The Company moved to compel arbitration pursuant to the arbitration agreement in the contract between the parties. Section 10.8 of the contract provides in pertinent part:

“All claims or disputes between the Contractor and the Owner arising out or relating to the Contract, or the breach thereof, shall be decided by arbitration in accordance with the Construction Industry Arbitration Rules of the American Arbitration Association currently in effect unless the parties mutually agreed otherwise and subject to an initial presentation of the claim or dispute to the Architect as required under Paragraph 10.5. * * * The award rendered by the arbitrator or arbitrators shall be final, and judgment may be entered upon it in accordance with applicable law in any court having jurisdiction thereof.”

The circuit court granted the Company’s motion and ordered the Bucks and the Company to arbitrate their dispute. Testerman then filed a motion to dismiss the complaiiit against him individually claiming that he was not a party to the contract and was not personally liable for the acts of the corporation. The court denied Testerman’s motion to dismiss and, pursuant to the Buck’s motion to compel Testerman into [574]*574arbitration, ruled that Testerman was bound by the arbitration clause in the contract.

The Company, Testerman and the Bucks entered into arbitration. As a result, the arbitrator awarded the Bucks $65,-607.00 in damages and $20,758.75 in attorney fees and held the Company and Testerman jointly and severally liable. The trial judge confirmed the arbitrator’s award and entered final judgment in favor of the Bucks.
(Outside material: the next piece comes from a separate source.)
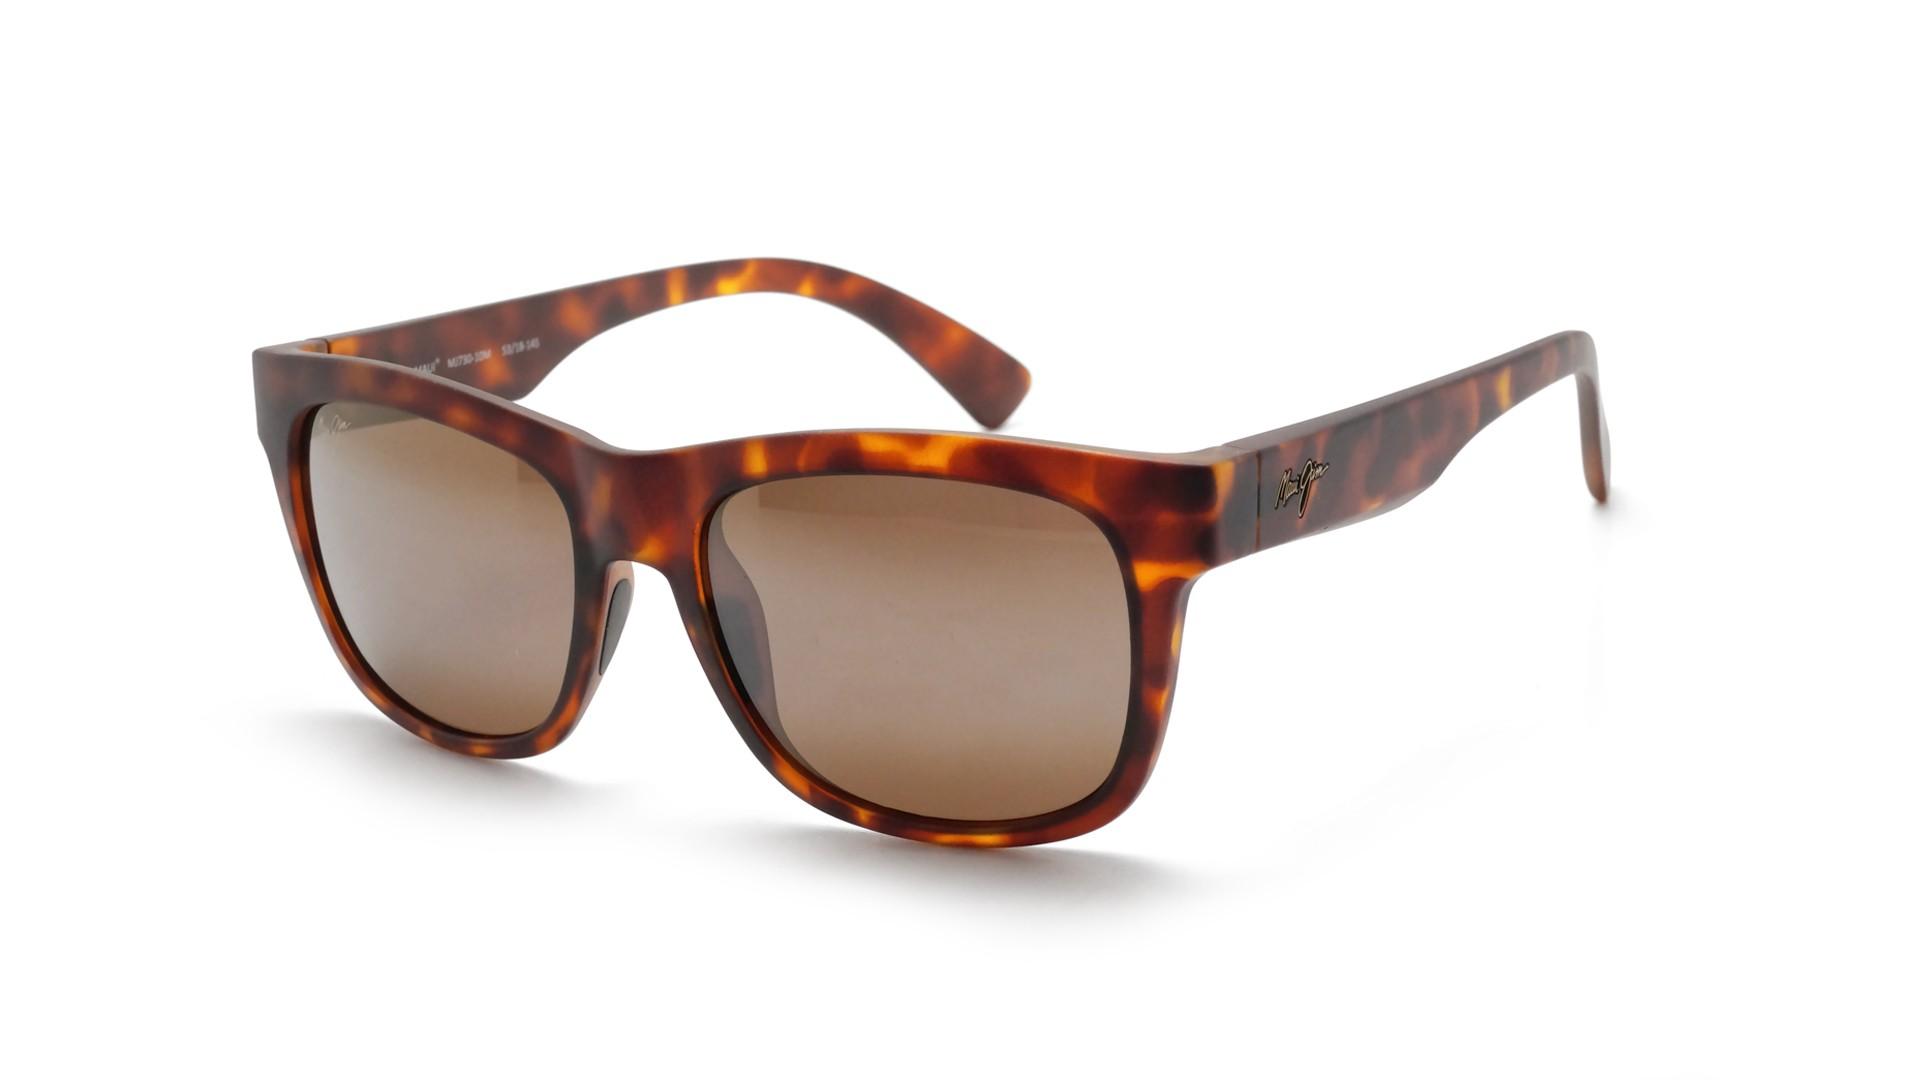 5a637c2eede3 Sunglasses Maui Jim Snapback Tortoise Matte HCL Bronze H730 10M 53-18  Medium Polarized

Both Testerman and the Company noted their appeal to the Court of Special Appeals. We granted certiorari prior to review by that court.

We are asked by Appellants Testerman and the Company to determine the following issues:

I. Whether one who is neither a party to the arbitration agreement nor a signatory of the underlying contract can be bound by an arbitration award.
II. Whether an arbitrator has the authority to award attorney fees when the contract between the parties did not provide for the recovery of attorney fees in the event of a dispute but the CPA, under which claimants also sought recovery, authorizes attorney fees to be awarded by a “court.”

For the reasons set forth below, we answer “no” to both questions. Accordingly, we reverse and hold that the trial court erred as a matter of law.

I.

Testerman first challenges the trial judge’s order compelling him to join the Company and the Bucks in arbitration. Testerman does not dispute that he might be held personally liable for any negligence in which he participated, but contends that he cannot be forced to arbitrate his liability since he never agreed to resolve disputes through arbitration. Testerman argues that the contract and its accompanying arbitration clause were entered into by the Company only, not by him individually. He claims he signed the contract on behalf of the Company as its president, not in his individual

[575]*575capacity. Thus, Testerman argues that he cannot be bound by a provision to which he did not agree.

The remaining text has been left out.